All over the world people's loved ones are returning from beyond. No one knows how or why this is happening, whether it's a miracle or a sign of the end. Not even Harold and Lucille can agree on whether the boy is real or a wondrous imitation, but one thing they know for sure: he's their son.
As chaos erupts around the globe, the newly reunited Hargrave family finds itself at the centre of a community on the brink of collapse, forced to navigate a mysterious new reality and a conflict that threatens to unravel the very meaning of what it is to be human.
With spare, elegant prose and searing emotional depth, award–winning poet Jason Mott explores timeless questions of faith and morality, love and responsibility.
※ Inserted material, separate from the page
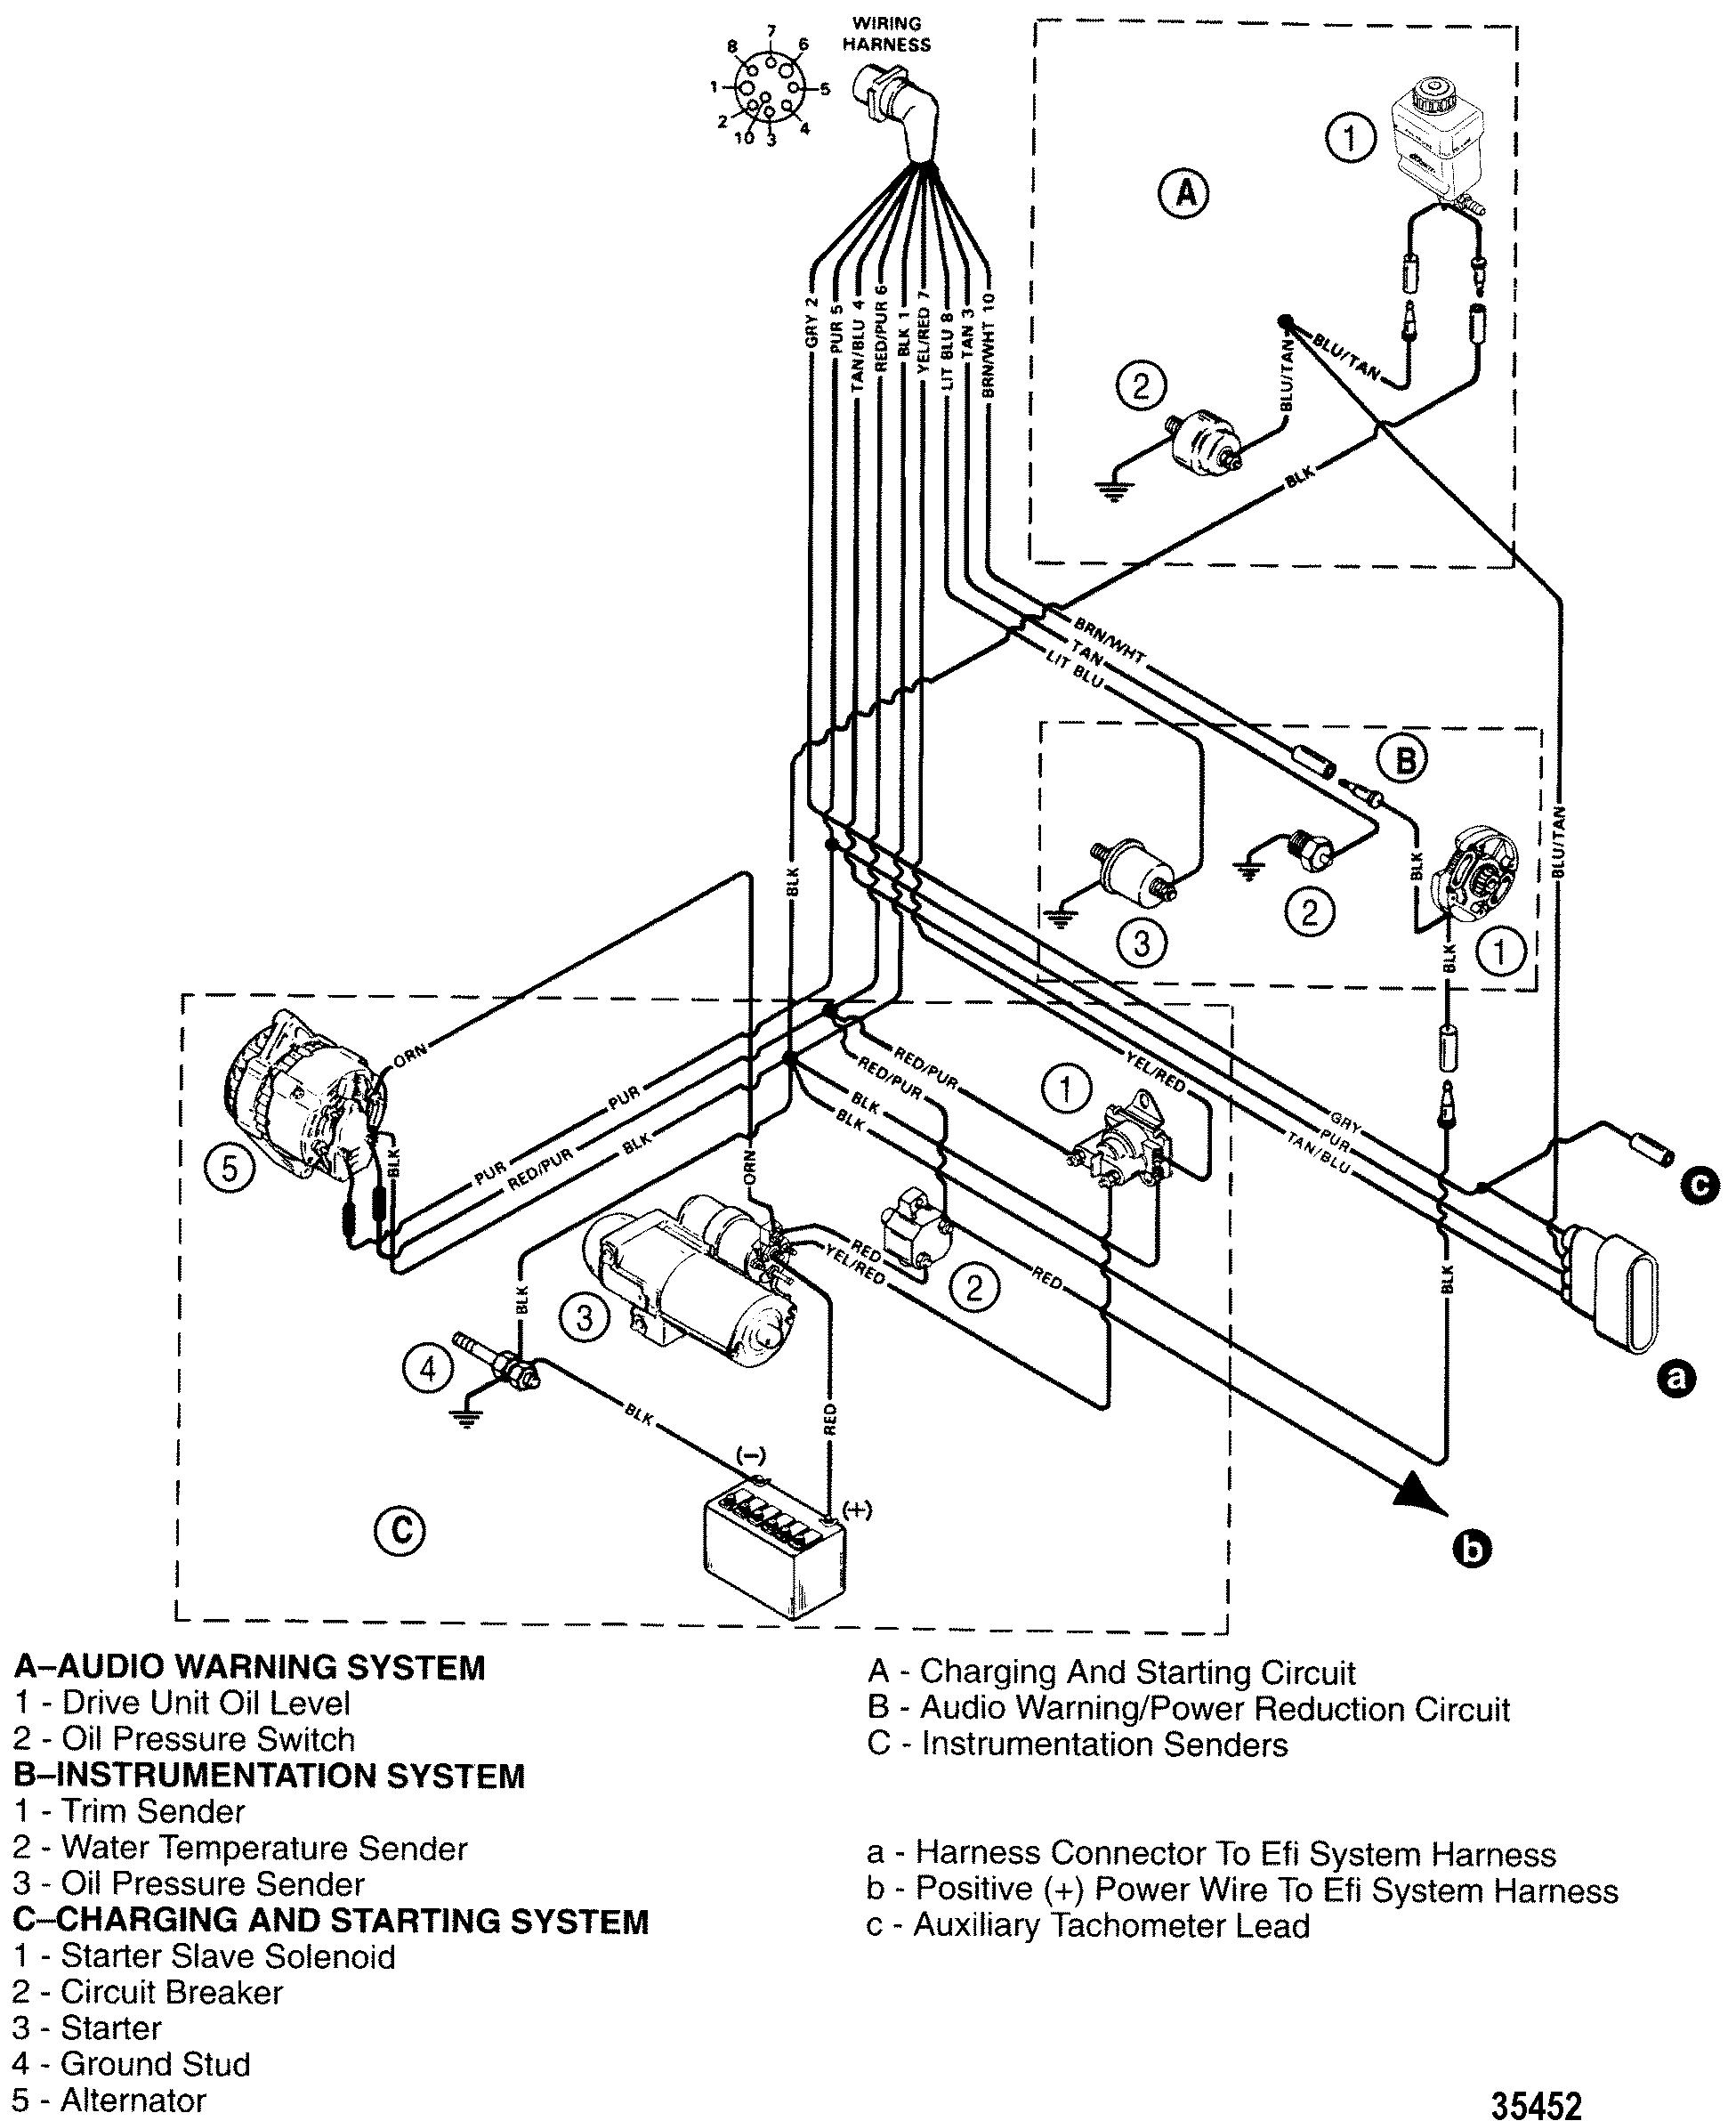 35452?resize\\\=665%2C812\\\&ssl\\\=1 viper 350 plus wiring diagram wiring diagrams viper 350 plus wiring diagram at soozxer.org

A spellbinding and stunning debut, The Returned is an unforgettable story that marks the arrival of an important new voice in contemporary fiction.
'In his exceptional debut novel, poet Mott brings drama, pathos, joy, horror and redemption to a riveting tale.' – Publishers Weekly, starred review.
'White–hot debut.' – Entertainment Weekly.
PUBLISHERS WEEKLY
In his exceptional debut novel, poet Mott brings drama, pathos, joy, horror, and redemption to a riveting tale of how the contemporary world handles the inexplicable reappearance of the dead. The primary focus is on Harold and Lucille Hargrave, who lost their son, Jacob, half a century ago in a tragic drowning accident on his eighth birthday. Amid global rumors about "the Returned," their son arrives at their doorstep with an agent from the International Bureau of the Returned still eight and healthy, as if nothing has changed in more than 50 years. Locals have mixed feelings when Arcadia, their small, backwater Southern town, is inundated with soldiers and taken over as a refuge for the multitude of Returned who have nowhere else to go (not every family wants them back), and Mott ratchets up the tension. Are the Returned walking, breathing miracles? Or signs of the Devil and "the end of times"? Even local Pastor Robert Peters cannot decide how to respond to these people, haunted as he is by the sudden reappearance of the love of his life, a girl who died as a teen. When some of the disgruntled locals take matters into their own hands, there is an apocalypse of sorts and both the frailty and strength of human character become evident; Mott brings depth and poignancy to the Returned and their purpose for existing.